Please install the following package:
```bash
pip install -U sentence-transformers
```

In [6]:
embedder = Embedder()

Model: BAAI/bge-base-en-v1.5
Device: mps


In [7]:
embedded_chunks = embedder.embed_chunks(chunks)

Batches:   0%|          | 0/9 [00:00<?, ?it/s]

In [8]:
embeddings = [chunk["embedding"] for chunk in embedded_chunks]

### Store vectors of embedded document(s) into a vector index

In [9]:
faissVectorStore = FaissVectorStore(len(embeddings[0]))

In [10]:
faissVectorStore.add(embeddings)

## Online Phase

### Embed user query

In [11]:
query = "What is Advanced RAG?"

In [12]:
query_embedding = embedder.embed_query(query)

### Retrieve relevant chunks from the stored vector index

In [13]:
retrieved_chuncks = faissVectorStore.search(query_embedding)

### Construct prompt

In [14]:
prompt = construct_prompt(query, retrieved_chuncks, embedded_chunks)

### Generate answer with SLM

Please run the following commands in your terminal to access to huggingface models.

```bash
pip install huggingface_hub
```

After installing its package, please provide a token to login. 

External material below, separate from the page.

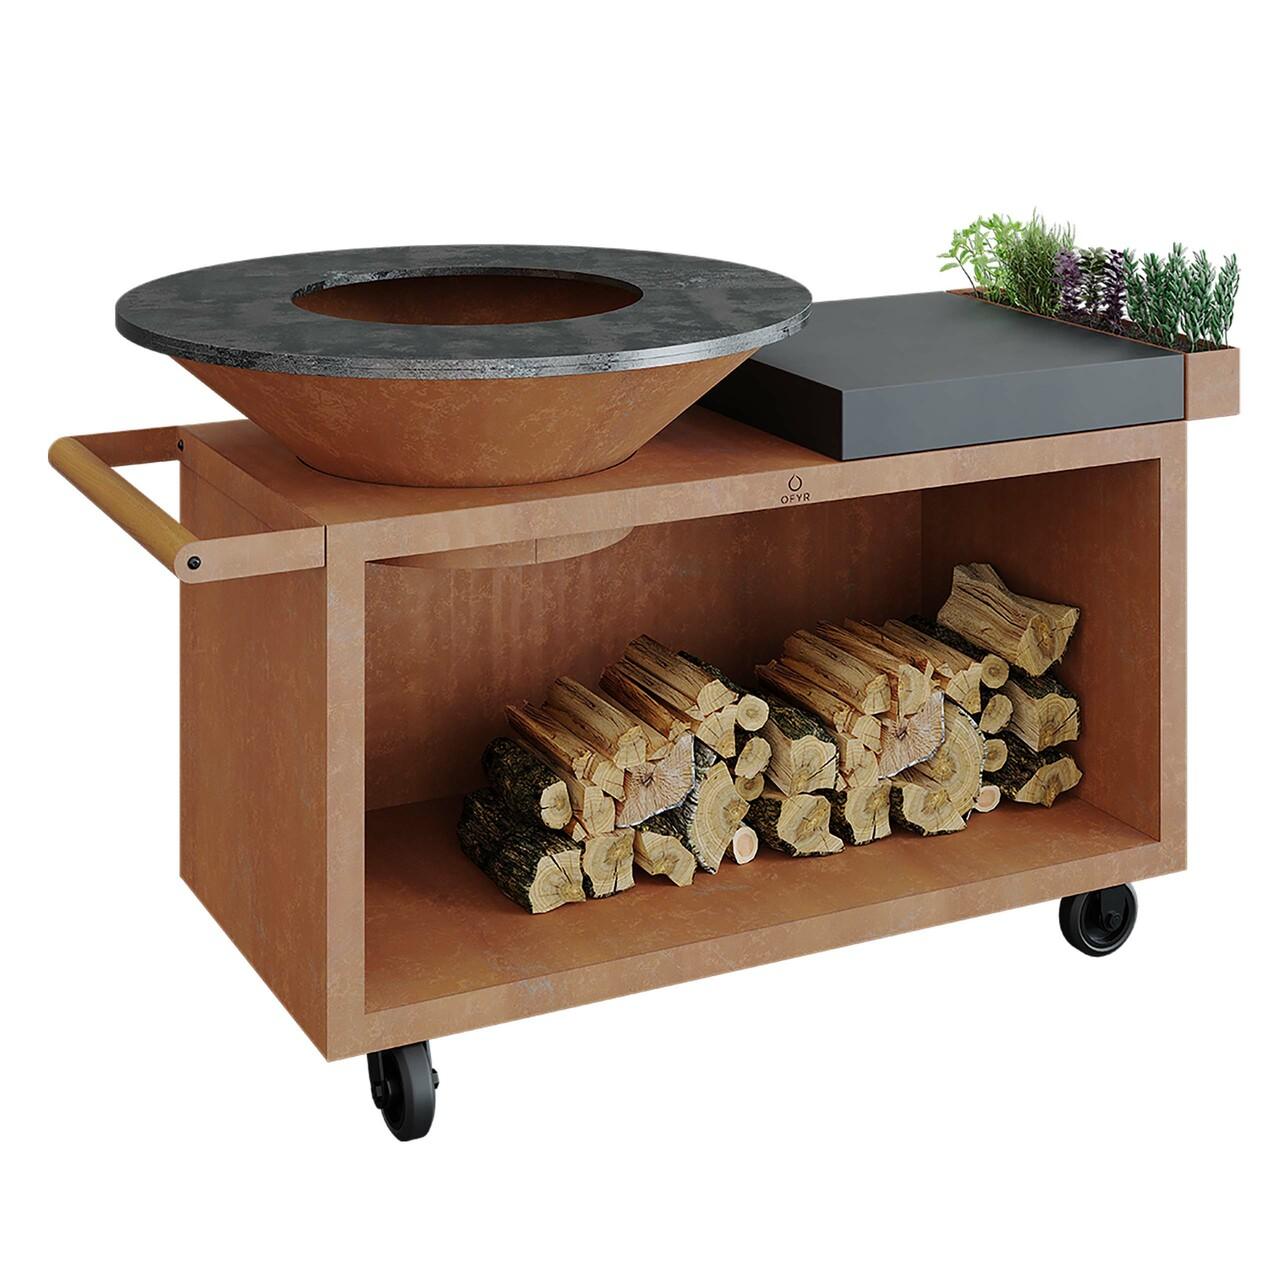 Ofyr Grill-Outdoorkücheninsel 'Cooking Unit Island Pro' Schwarz beschichteter Stahl, Dunkelgraues Keramik

You can create a token from [huggingface.co/settings/tokens](https://huggingface.co/settings/tokens)

```bash
huggingface-cli login
```

In [15]:
lm = LM()

Device: mps
Model: google/gemma-3-1b-it


Without RAG:

In [16]:
output = lm.generate_text(query)
print(output)

Prompt Length: 7
Context Window: 32768
Max New Tokens: 256
<bos>What is Advanced RAG?

Advanced RAG (Retrieval-Augmented Generation) goes beyond basic RAG by incorporating more sophisticated techniques to improve the accuracy, consistency, and usability of generated responses. It's essentially a layered approach combining retrieval and generation, improving the model's ability to understand context and deliver relevant answers.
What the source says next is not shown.